Hospital trusts have ‘choice’ policies which purport to allow for choices, but the real choice rights are rights in law, to be placed by a council, if one is having council made care home arrangements, in the home of one’s preference, subject to suitability, availability, the home’s being willing to contract on reasonable terms and on price.
And this is where the sector is sitting on a powderkeg in terms of legal risk, in CASCAIDr’s view.
It is one thing to say the price (and therefore your personal budget) is £x – and above £x you will have to pay a top up – when sufficient local care home providers – in terms of the number of placements a council expects to have to make in a year – have signed up to provide standard care and accommodation for £x. That’s the rational evidence basis for the position taken by the council towards the clients it has to place, and before it can charge them anything under the charging regulations.
It is quite another thing to say £x is the price, when any more than about 30% of care home providers have only been willing to work with the council, on the footing that they can also charge a top up for what are supposed to be ‘wants’ – and not needs (‘wants’ that are not severable from the placement itself. Extras that are personal, are extras, and no business of the council’s at all, but things like ambience, culture, views, the quality of the food, care and furniture, are preferences, and can be treated as a top-up).
If more than about 30% of homes are charging top ups, it would be evidence to suggest that the majority of homes are aiming to offer luxury top end package, in terms of the setting and the services: and the whole sector knows that that is just not true.
- The LGO’s findings in various cases looking at top ups show that homes are not suitable or vacant when the asserted rate is being imposed in the context of getting a person out of hospital, quickly;
- CQC ratings show this to be untrue; lots of homes will be getting INADEQUATES
- Public sector staff’s own knowledge of what goes on in care home, through safeguarding and constant involvement with clients going in and coming out of care homes – and even visitors’ perceptions
all add up to the conclusion that relatives of council-placed clients are subsidising the obligation to pay for decent adequate appropriate means of meeting a need.
And that’s before one factors in the conclusion of the Competition and Markets Authority that fully privately contracting clients are subsidising fee rates for all NHS and council placed clients, because that is what enables the home’s manager to go lower and lower, in negotiations, and bow to the dominance of the commissioner’s market position.
People facing hospital discharge pressure on themselves or their families should ask two questions:
- How many homes in your area have actually signed up to placements at the asserted rate with a top-up on top? Councils will know, or ought to know – because they will have tendered in the first place for a framework agreement AND because they have to include the amount of the top up in the specific documentation for the individual placement. If they do not know, that is a factor of severe embarrassment in any event.
- How many of those homes do your social care staff adjudge to be suitable and have availability, before the staff invite the families to go off and do the rounds to help sort out a preference?
It is totally clear law that if there is no placement suitable on the day when discharge needs to be effected, then the additional fee for finding a suitable room elsewhere is not able to be treated as a top up. The council needs to pay the whole fee at that point. End of.

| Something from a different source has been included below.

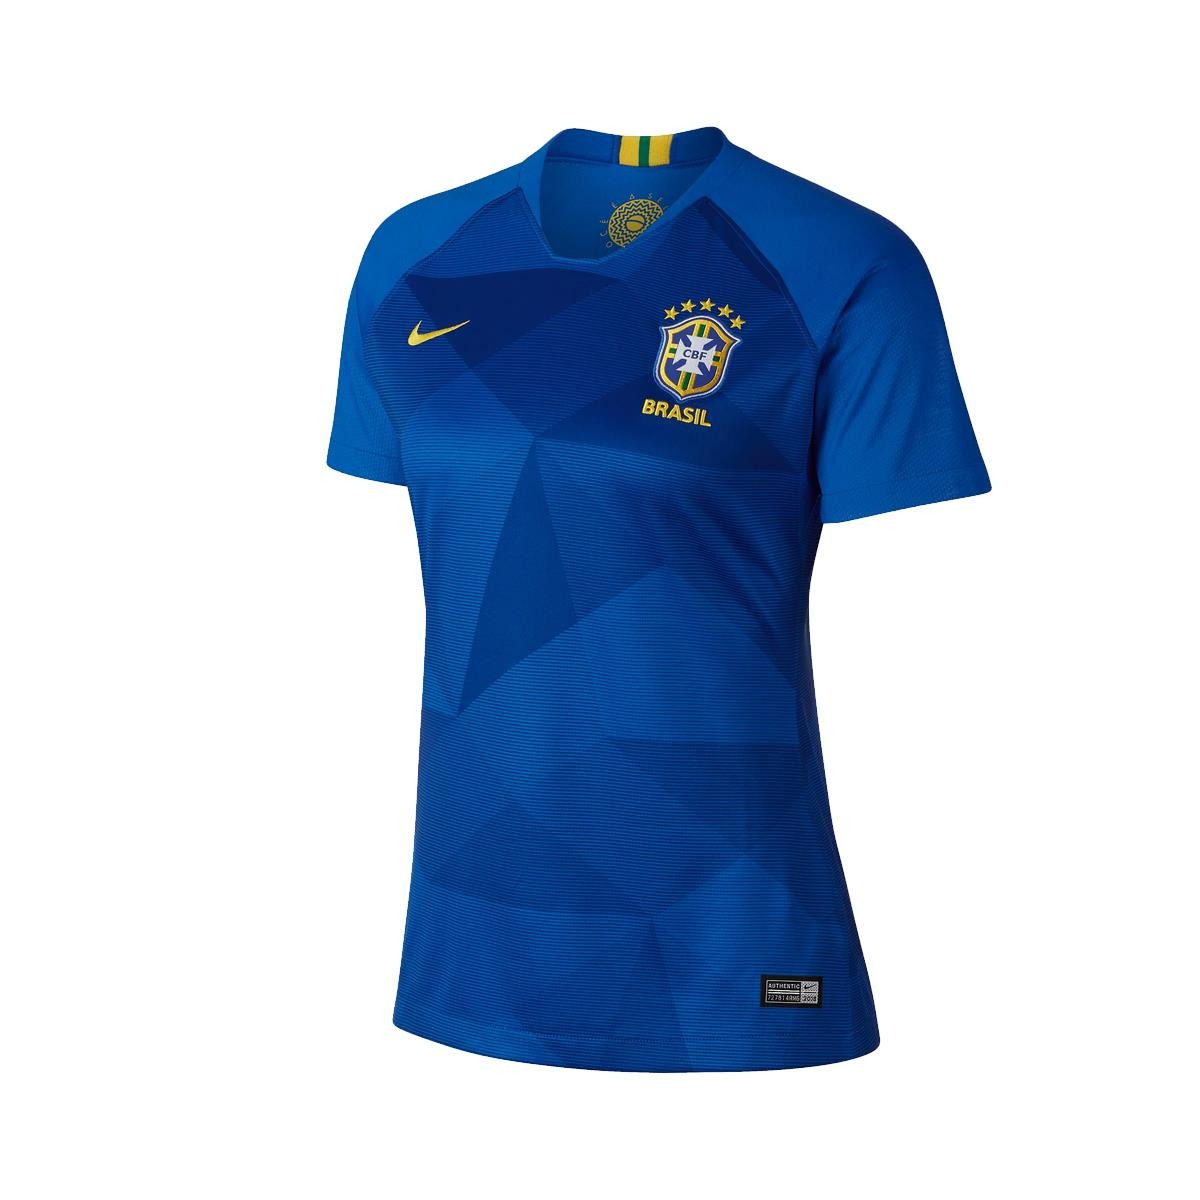 camisa nike brasil ii 2018 19 torcedora feminina p. Carregando zoom. ab82255191347

Transferring via more than one move is not ideal, but a person does not have the right to stay in the NHS bed just because their choice is not available. All that is required is a suitable placement, but that decision as to suitability cannot just be asserted because there’s another cheap home OPEN, with a vacant room.

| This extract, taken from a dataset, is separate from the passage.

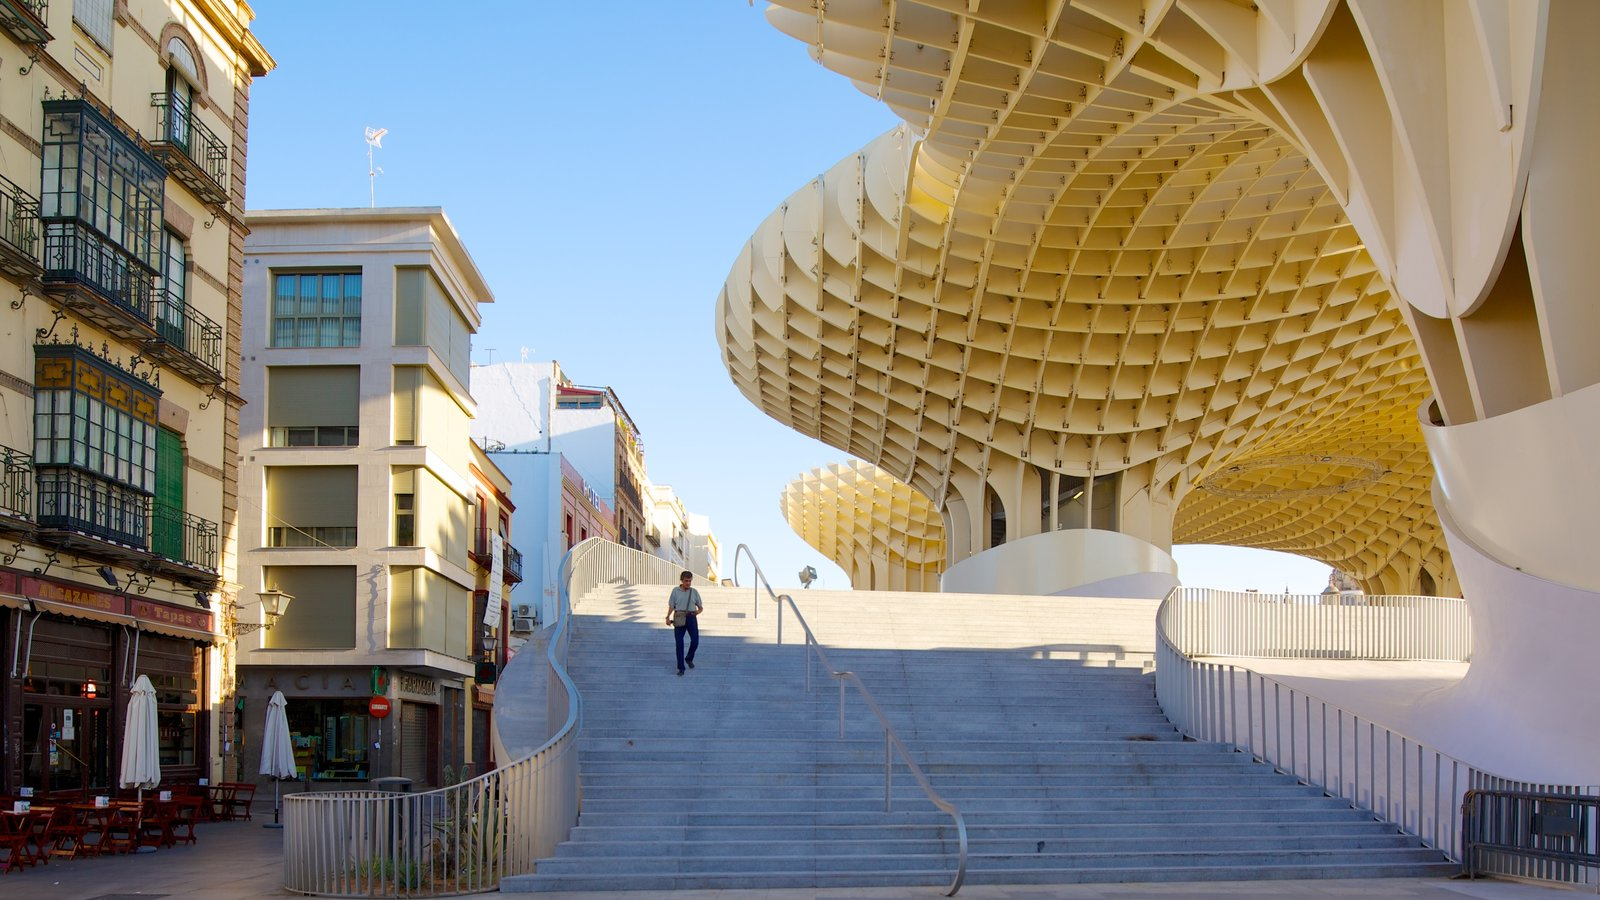 Modern Architecture City metropol parasol pictures: view photos & images of metropol parasol

The parts of the regulations that we have focused on here indicate that it would not be right for the NHS to discharge someone to a placement that it did not believe to be suitable, because it would be obliged to withdraw the assessment and/or the discharge notice, if that were its state of mind.

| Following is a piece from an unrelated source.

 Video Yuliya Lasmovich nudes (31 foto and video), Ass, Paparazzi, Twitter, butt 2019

So if relatives are getting nowhere with the relevant council, in setting out
- Why the setting offered is unsuitable
- Why the home is unsuitable
- Why the budget offered is not sufficient for standard care in a care home
- Why the budget does not meet the person’s needs in the setting in which the council has decided to support the person
….then the next best thing the relatives can do is to lay this information at the foot of the discharge co-ordinator and point out that unless they are satisfied that the person’s concerns are not valid, or might not be valid, they need to withdraw the discharge notice.